• _REQUIREMENT_: Of the entries below, restate word for word only the section that runs from the line with "Heart and rose arrangement" to the line with "Gore Gore-Tex Infinium", counting both ends.

• _MATERIAL TO PROCESS_:

────────────────────────────────────────

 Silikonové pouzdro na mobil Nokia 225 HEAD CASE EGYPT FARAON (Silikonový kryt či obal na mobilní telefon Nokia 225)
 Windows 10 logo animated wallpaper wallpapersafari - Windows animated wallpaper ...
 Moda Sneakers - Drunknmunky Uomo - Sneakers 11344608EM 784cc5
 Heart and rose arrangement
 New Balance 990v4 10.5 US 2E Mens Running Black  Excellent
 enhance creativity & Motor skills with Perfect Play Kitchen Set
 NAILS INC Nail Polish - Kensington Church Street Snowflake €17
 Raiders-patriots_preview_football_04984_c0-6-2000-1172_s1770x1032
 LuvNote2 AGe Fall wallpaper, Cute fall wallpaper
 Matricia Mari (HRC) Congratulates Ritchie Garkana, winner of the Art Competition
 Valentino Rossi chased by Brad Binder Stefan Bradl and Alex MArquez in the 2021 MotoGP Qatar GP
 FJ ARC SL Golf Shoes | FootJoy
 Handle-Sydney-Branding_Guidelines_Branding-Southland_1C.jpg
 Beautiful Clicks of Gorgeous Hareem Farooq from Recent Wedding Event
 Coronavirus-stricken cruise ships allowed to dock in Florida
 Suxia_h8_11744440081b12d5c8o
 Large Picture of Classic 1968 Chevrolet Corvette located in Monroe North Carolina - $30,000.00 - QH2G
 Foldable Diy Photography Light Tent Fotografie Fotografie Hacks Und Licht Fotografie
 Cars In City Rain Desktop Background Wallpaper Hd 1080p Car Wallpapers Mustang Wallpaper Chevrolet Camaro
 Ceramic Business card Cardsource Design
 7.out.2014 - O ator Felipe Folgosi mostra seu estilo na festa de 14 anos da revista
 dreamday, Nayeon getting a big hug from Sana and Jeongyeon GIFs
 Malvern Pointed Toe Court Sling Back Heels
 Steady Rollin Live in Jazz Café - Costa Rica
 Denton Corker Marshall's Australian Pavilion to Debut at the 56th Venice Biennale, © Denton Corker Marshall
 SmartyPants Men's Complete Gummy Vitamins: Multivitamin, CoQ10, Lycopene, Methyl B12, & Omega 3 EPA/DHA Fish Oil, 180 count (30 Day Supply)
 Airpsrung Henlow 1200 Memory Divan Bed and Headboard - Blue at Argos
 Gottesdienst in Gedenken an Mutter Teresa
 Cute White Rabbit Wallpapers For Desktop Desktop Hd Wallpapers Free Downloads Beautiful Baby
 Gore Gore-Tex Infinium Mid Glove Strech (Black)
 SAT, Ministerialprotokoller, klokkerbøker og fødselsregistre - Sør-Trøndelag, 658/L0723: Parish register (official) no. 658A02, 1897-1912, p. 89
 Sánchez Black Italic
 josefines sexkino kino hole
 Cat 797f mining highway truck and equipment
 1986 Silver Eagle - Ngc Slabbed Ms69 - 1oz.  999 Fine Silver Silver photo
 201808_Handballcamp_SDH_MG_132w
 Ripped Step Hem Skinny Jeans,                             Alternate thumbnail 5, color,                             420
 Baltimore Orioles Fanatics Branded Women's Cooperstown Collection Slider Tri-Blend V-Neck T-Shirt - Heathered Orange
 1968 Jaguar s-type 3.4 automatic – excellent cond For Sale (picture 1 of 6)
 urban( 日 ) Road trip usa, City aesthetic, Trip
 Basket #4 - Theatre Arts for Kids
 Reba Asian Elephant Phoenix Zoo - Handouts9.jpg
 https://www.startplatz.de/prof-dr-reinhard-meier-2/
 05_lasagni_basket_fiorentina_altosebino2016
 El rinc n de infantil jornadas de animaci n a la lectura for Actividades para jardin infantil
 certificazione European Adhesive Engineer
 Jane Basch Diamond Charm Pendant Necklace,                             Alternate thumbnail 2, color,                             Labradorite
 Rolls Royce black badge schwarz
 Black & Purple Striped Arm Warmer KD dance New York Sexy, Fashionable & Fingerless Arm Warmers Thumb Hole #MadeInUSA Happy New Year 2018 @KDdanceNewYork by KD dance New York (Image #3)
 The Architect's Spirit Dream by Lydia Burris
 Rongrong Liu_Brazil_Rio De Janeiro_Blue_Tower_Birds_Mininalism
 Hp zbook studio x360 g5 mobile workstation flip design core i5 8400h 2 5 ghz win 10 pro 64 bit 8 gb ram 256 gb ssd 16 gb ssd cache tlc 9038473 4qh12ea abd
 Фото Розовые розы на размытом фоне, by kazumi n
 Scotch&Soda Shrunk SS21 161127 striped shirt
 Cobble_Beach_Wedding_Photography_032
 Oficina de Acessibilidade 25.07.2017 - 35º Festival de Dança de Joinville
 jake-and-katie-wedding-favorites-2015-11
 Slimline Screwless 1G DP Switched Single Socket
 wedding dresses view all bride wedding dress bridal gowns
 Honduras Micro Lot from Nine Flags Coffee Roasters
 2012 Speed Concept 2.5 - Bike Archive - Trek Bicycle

────────────────────────────────────────

• _YOUR SOLUTION_:
 Heart and rose arrangement
 New Balance 990v4 10.5 US 2E Mens Running Black  Excellent
 enhance creativity & Motor skills with Perfect Play Kitchen Set
 NAILS INC Nail Polish - Kensington Church Street Snowflake €17
 Raiders-patriots_preview_football_04984_c0-6-2000-1172_s1770x1032
 LuvNote2 AGe Fall wallpaper, Cute fall wallpaper
 Matricia Mari (HRC) Congratulates Ritchie Garkana, winner of the Art Competition
 Valentino Rossi chased by Brad Binder Stefan Bradl and Alex MArquez in the 2021 MotoGP Qatar GP
 FJ ARC SL Golf Shoes | FootJoy
 Handle-Sydney-Branding_Guidelines_Branding-Southland_1C.jpg
 Beautiful Clicks of Gorgeous Hareem Farooq from Recent Wedding Event
 Coronavirus-stricken cruise ships allowed to dock in Florida
 Suxia_h8_11744440081b12d5c8o
 Large Picture of Classic 1968 Chevrolet Corvette located in Monroe North Carolina - $30,000.00 - QH2G
 Foldable Diy Photography Light Tent Fotografie Fotografie Hacks Und Licht Fotografie
 Cars In City Rain Desktop Background Wallpaper Hd 1080p Car Wallpapers Mustang Wallpaper Chevrolet Camaro
 Ceramic Business card Cardsource Design
 7.out.2014 - O ator Felipe Folgosi mostra seu estilo na festa de 14 anos da revista
 dreamday, Nayeon getting a big hug from Sana and Jeongyeon GIFs
 Malvern Pointed Toe Court Sling Back Heels
 Steady Rollin Live in Jazz Café - Costa Rica
 Denton Corker Marshall's Australian Pavilion to Debut at the 56th Venice Biennale, © Denton Corker Marshall
 SmartyPants Men's Complete Gummy Vitamins: Multivitamin, CoQ10, Lycopene, Methyl B12, & Omega 3 EPA/DHA Fish Oil, 180 count (30 Day Supply)
 Airpsrung Henlow 1200 Memory Divan Bed and Headboard - Blue at Argos
 Gottesdienst in Gedenken an Mutter Teresa
 Cute White Rabbit Wallpapers For Desktop Desktop Hd Wallpapers Free Downloads Beautiful Baby
 Gore Gore-Tex Infinium Mid Glove Strech (Black)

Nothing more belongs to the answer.